Co-regulation network on Recount2 brain and MAD
In addition to the Recount3 co-regulation network, we also applied our CoRegNet to two smaller but domain-specific data sets: (i) the recount brain project [20] and (ii) mouse Alzheimer’s disease (MAD). The recount brain project consists of 78 qualified studies with 93 total contrasts. These studies are all human brain-tissue-specific and contain ~1300 samples and 15 000 genes. The MAD dataset consists of 70 unique mouse studies and 138 contrasts and has ~1000 samples and 10 000 genes.
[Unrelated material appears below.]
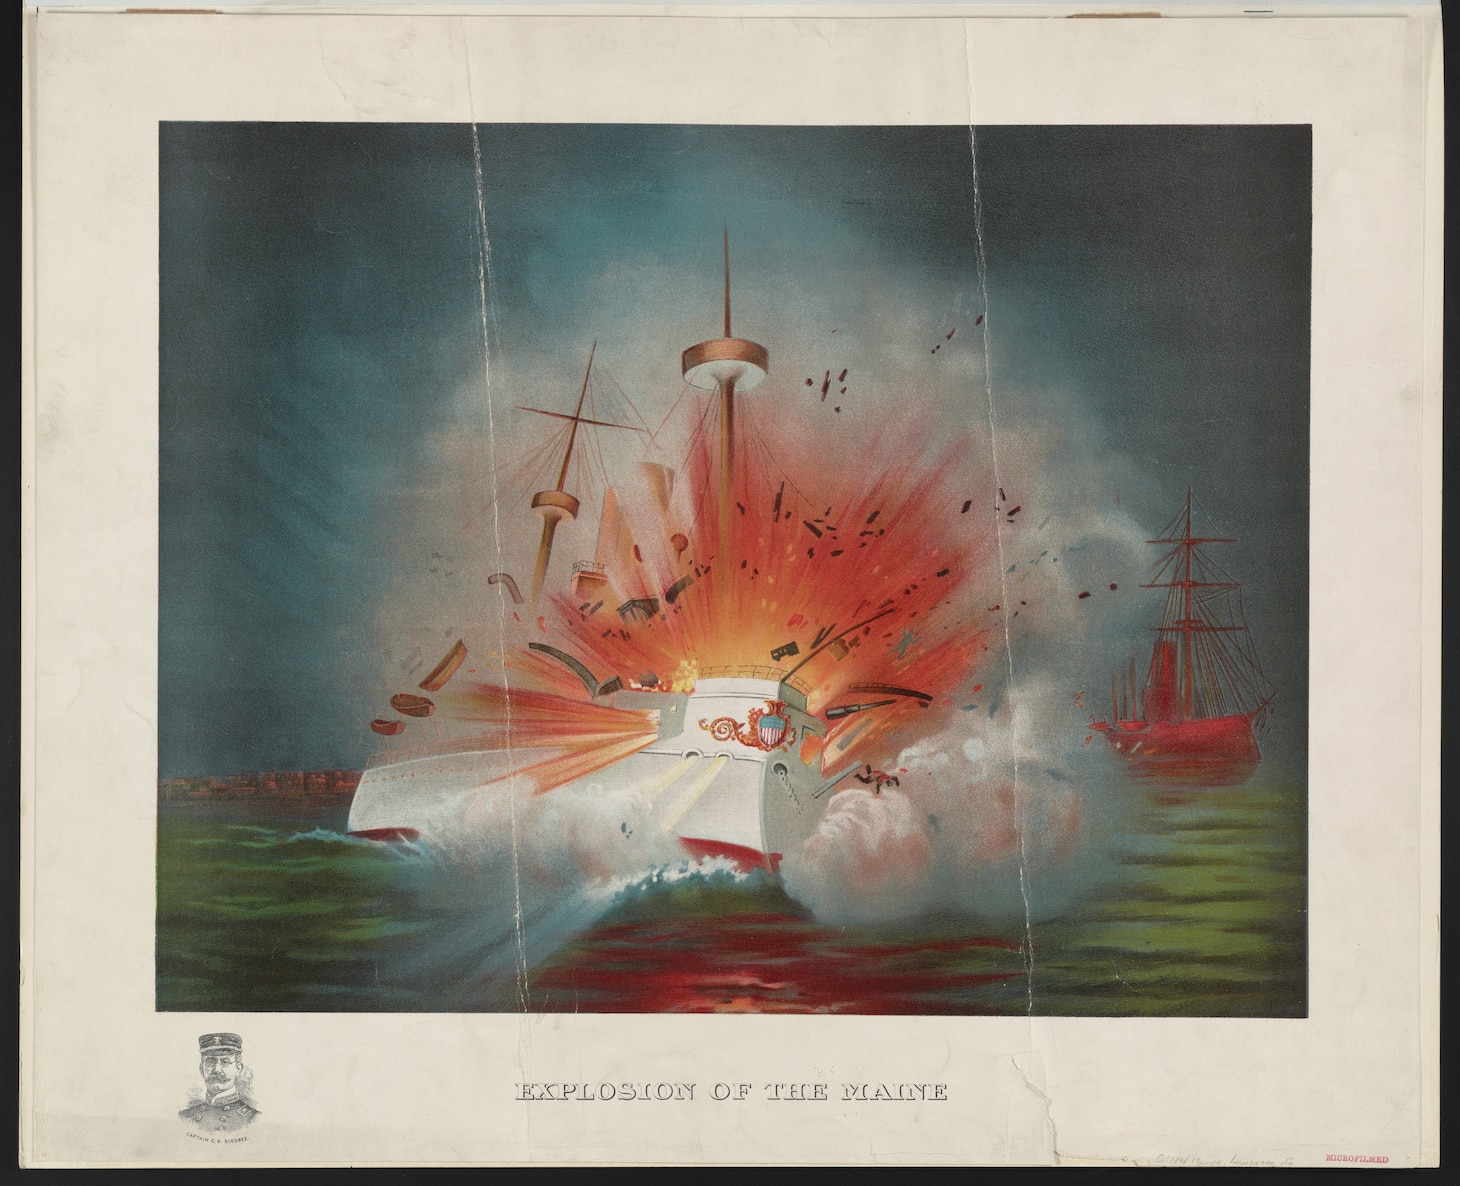 Print shows the U.S.S. Maine blowing up in the harbor at Havana, Cuba; a small portrait of Captain C. D. Sigsbee decorates the lower left margin.

In Recount2 brain data, our CoRegNet identified 52 000 significantly co-regulated gene pairs (4555 genes). The Louvain module detection method found nine modules and for each module, we can clearly see that genes are co-regulated in a group of common contrasts (Figure 5A). Because these studies are all brain-region-specific, some gene modules shared many gene ontology (GO) terms in common (Figure 5B). These GO terms are related to nerves with diverse channel activities (Supplementary Figure 3B available online at at http://bib.oxfordjournals.org/) such as ion channel activity. To further validate the biology behind the co-regulation network, we compared the Rcount2 brain co-regulation network with a random network with the same genes but different connections. The result showed that the co-regulation network has a higher GO term interaction density than the random network (Figure 5C). We also visualized the network in Figure 5D, in which the color of the genes corresponds to their module color.
Figure 5.
The co-regulation network on Recount2 Brain. (A) Binary co-regulation heatmap with rows of contrasts and columns of genes. The left color bar represents different contrasts, and the top color bar represents genes in different modules. If a gene is a DEG in the contrast, it will be colored as black. (B) GO enrichment comparison between different gene modules. (C) GO term interaction density between Recount2 Brain co-regulation network and random network. (D) Visualized Recount2 Brain co-regulation network. (E) PPI validation between co-regulated gene pairs and co-expressed gene pairs. (F) Validation by comparing Pearson’s correlation of co-expressed and co-regulated gene pairs from Recount2 Brain in the independent GTEx data.
Around 30% of the gene pairs recognized by CoRegNet were found to have protein–protein interactions according to the STRING database while only 22% of the gene pairs detected by WGCNA were validated by PPI data (Chi-Square P-value <
) (Figure 5E). We also validated our gene pairs’ RNA seq data by GTEx brain data (Figure 5F). Regarding background distribution, most gene pairs in the brain GTEx had a low correlation score, while gene pairs identified by WGCNA in Recount2 Brain had similar background distribution as the brain GTEx. For CoRegNet, however, a bimodal distribution showed that, though many gene pairs still had a low correlation score, half of the co-regulated gene pairs have a high correlation score in GTEx brain data. Gene pairs identified by the CoRegNet in Recount2 Brain are generally better validated than those identified by WGCNA in both the GTEx data and STRING database.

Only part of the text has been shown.